▶ _Stored data_
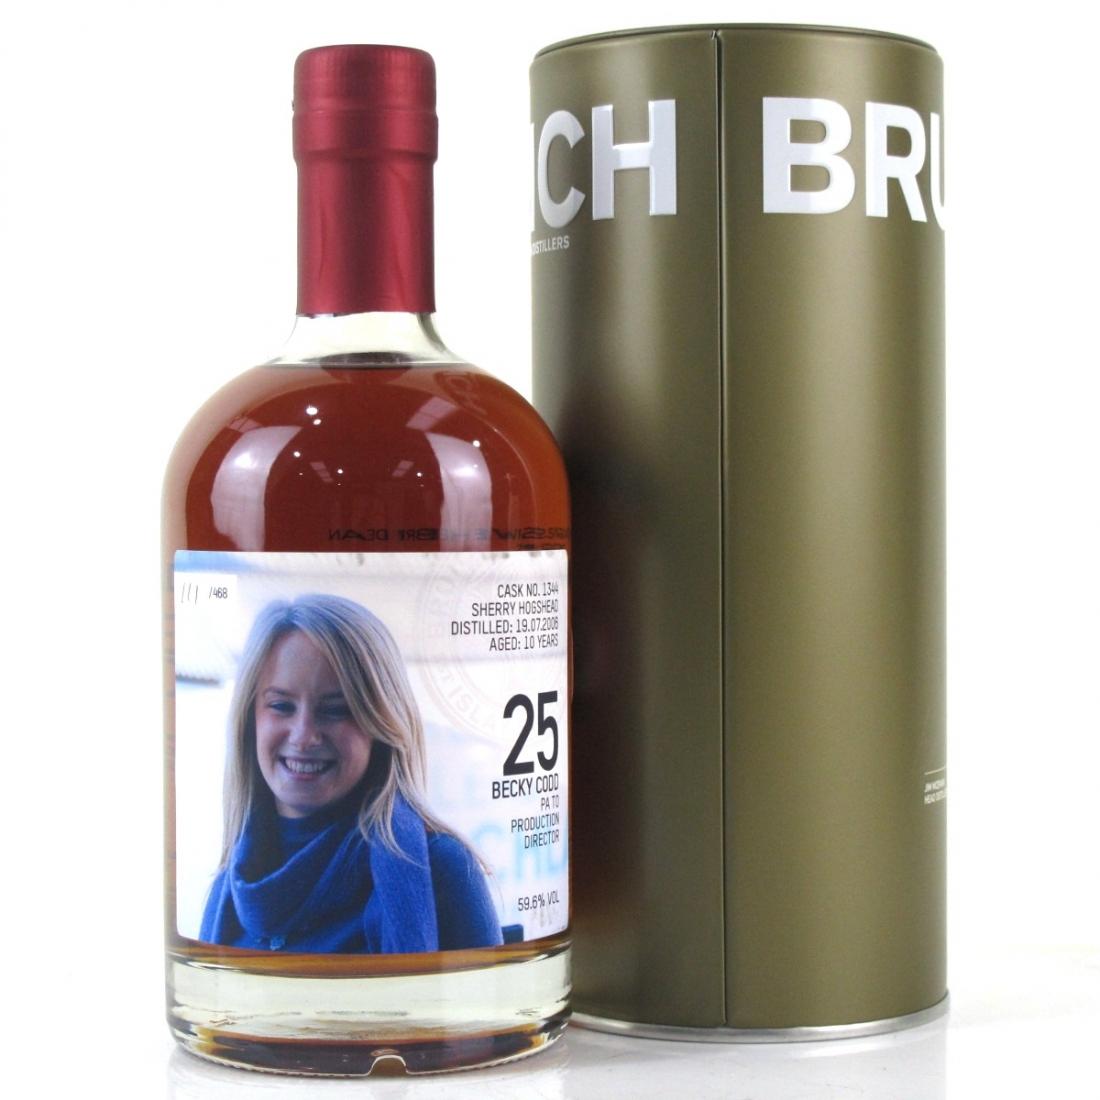 Bruichladdich 2006 Becky Codd Valinch 10 Year Old #1344
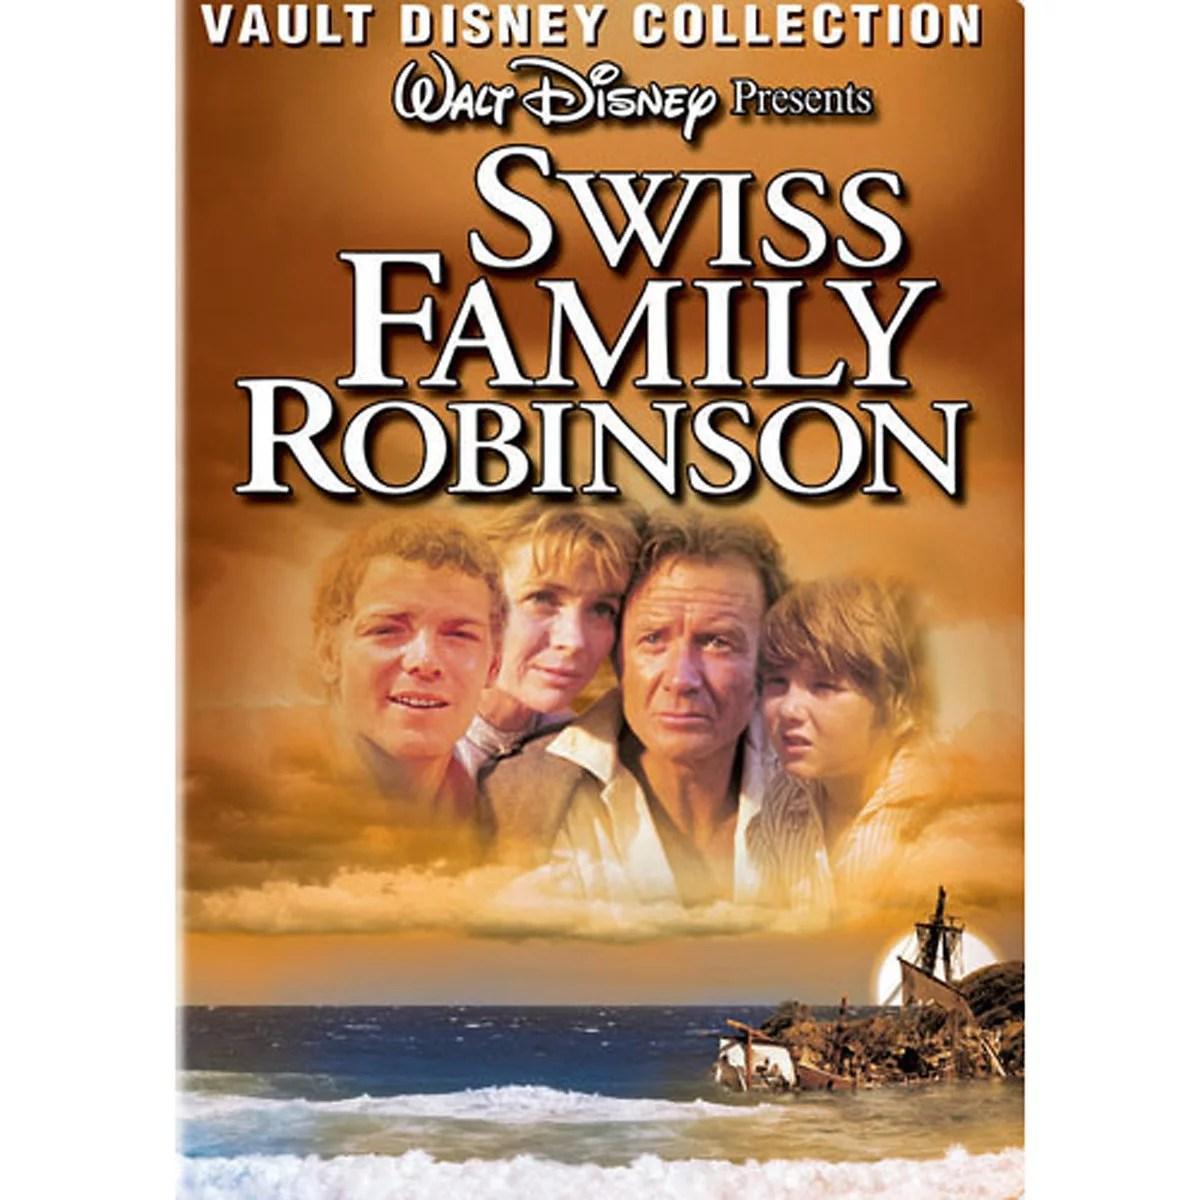 Swiss Family Robinson Vault Disney Collection Dvd
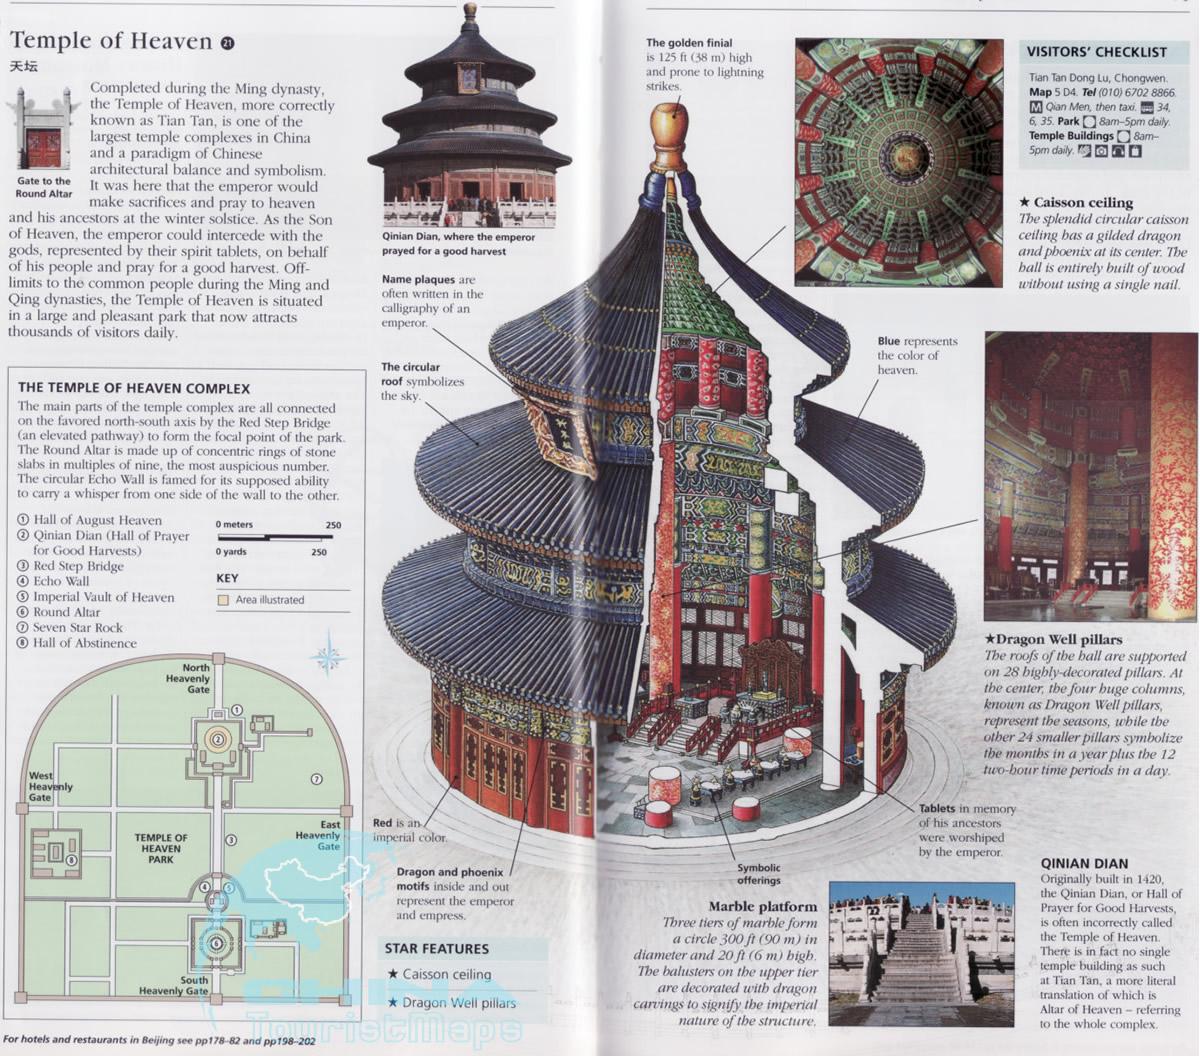 http://1.bp.blogspot.com/_-RKWUOENSNo/TK8eKRazwvI/AAAAAAAAC7I/vvzqTwVXrGE/s1600/temple-of-heaven+(1).jpg

▶ _How to complete this task_
Everything in the data above should be set down again exactly, except the pictures.

▶ _Response for this exercise_
 Bruichladdich 2006 Becky Codd Valinch 10 Year Old #1344
 Swiss Family Robinson Vault Disney Collection Dvd
 http://1.bp.blogspot.com/_-RKWUOENSNo/TK8eKRazwvI/AAAAAAAAC7I/vvzqTwVXrGE/s1600/temple-of-heaven+(1).jpg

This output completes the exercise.